The above description is only of the preferred embodiments of the present invention and is not intended to limit the present invention, but various modifications and variations can be made to the present invention by those skilled in the art. Any modification, equivalent replacement, improvement, etc. made within the spirit and principle of the present invention should be included in the protection scope of the present invention, and in addition, the unremoved portions of the present invention are conventional techniques.

Claims

1. The utility model provides an aeroengine fuel nozzle oil seepage detection device, its characterized in that, including electromagnetic base, support montant, support horizontal pole, fork ear, connection buckle, probe mount pad, kong Tan probe, control storage device, wherein, support the montant and be two, set up respectively on two electromagnetic base, two support horizontal poles transversely install on supporting the montant, the probe mount pad sets up between two support horizontal poles, and this probe mount pad is by a plurality of connection buckle connection support, and it cup joints and set up at aeroengine periphery, kong Tan probe sets up on the probe mount pad, aim at aeroengine's fuel nozzle coupling to with monitor and carry out information communication between the storage device, kong Tan probe is metal casing, and the interior lens is glass lens, and the probe diameter is not more than 7mm, and is equipped with the light source that provides illumination detection.

2. The fuel nozzle oil seepage detection device for the aero-engine according to claim 1, wherein the base is an electromagnetic base and is symmetrically arranged on a test bed surface of the aero-engine.

3. The fuel nozzle oil seepage detection device for the aeroengine according to claim 2, wherein the end parts between the connecting buckles are locked through bolt connection.

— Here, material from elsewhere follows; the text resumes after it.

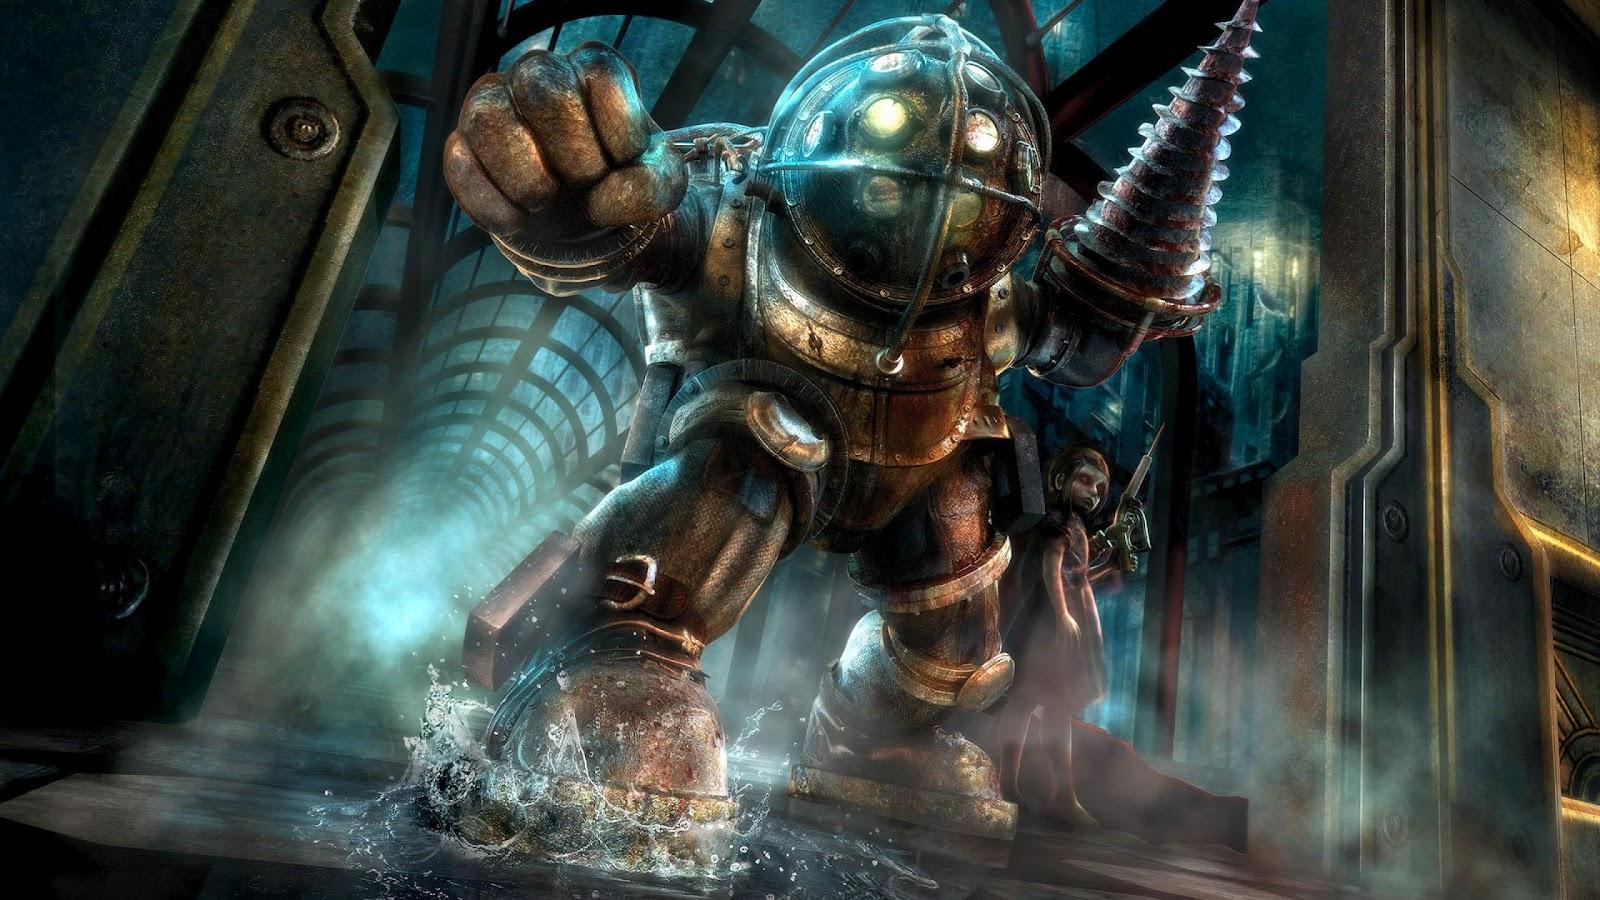 http://1.bp.blogspot.com/-zITWNpxbNI0/UBdOnArz2_I/AAAAAAAAIoY/dmxD5T3PtP0/s1600/Bioshock-bioshock-games-wallpaper-cool-bigdaddy-2560x1440.jpg

4. The oil seepage detection device for the fuel nozzle of the aeroengine according to claim 3, wherein the connecting end of the supporting cross rod and the connecting buckle is of a fork lug structure, one end of the supporting cross rod is connected with the supporting rod, and the other end of the supporting cross rod is locked with the fork lug through a bolt so as to fix the connecting buckle penetrating through the middle of the supporting cross rod.

5. The device for detecting the oil leakage of the fuel nozzle of the aeroengine according to claim 4, wherein the Kong Tan probe is arranged on a probe mounting seat, the probe mounting seat is also of a fork ear structure, an opening at one end of the probe mounting seat is provided with a Kong Tan probe, the other end of the probe mounting seat is of a separated fork ear structure, the probe mounting seat is sleeved outside the connecting buckle, and the probe mounting seat is locked and fixed on the connecting buckle through a bolt on the fork ear structure.

6. The fuel nozzle oil penetration detection device for an aircraft engine according to claim 5, wherein the distance between the Kong Tan probe and the fuel nozzle is 3-8 cm.

7. The device for detecting oil seepage of an aircraft engine fuel nozzle according to claim 1, wherein the supporting vertical rods, the supporting cross rods, the fork lugs, the connecting buckles and the probe mounting seats are all made of light metal materials.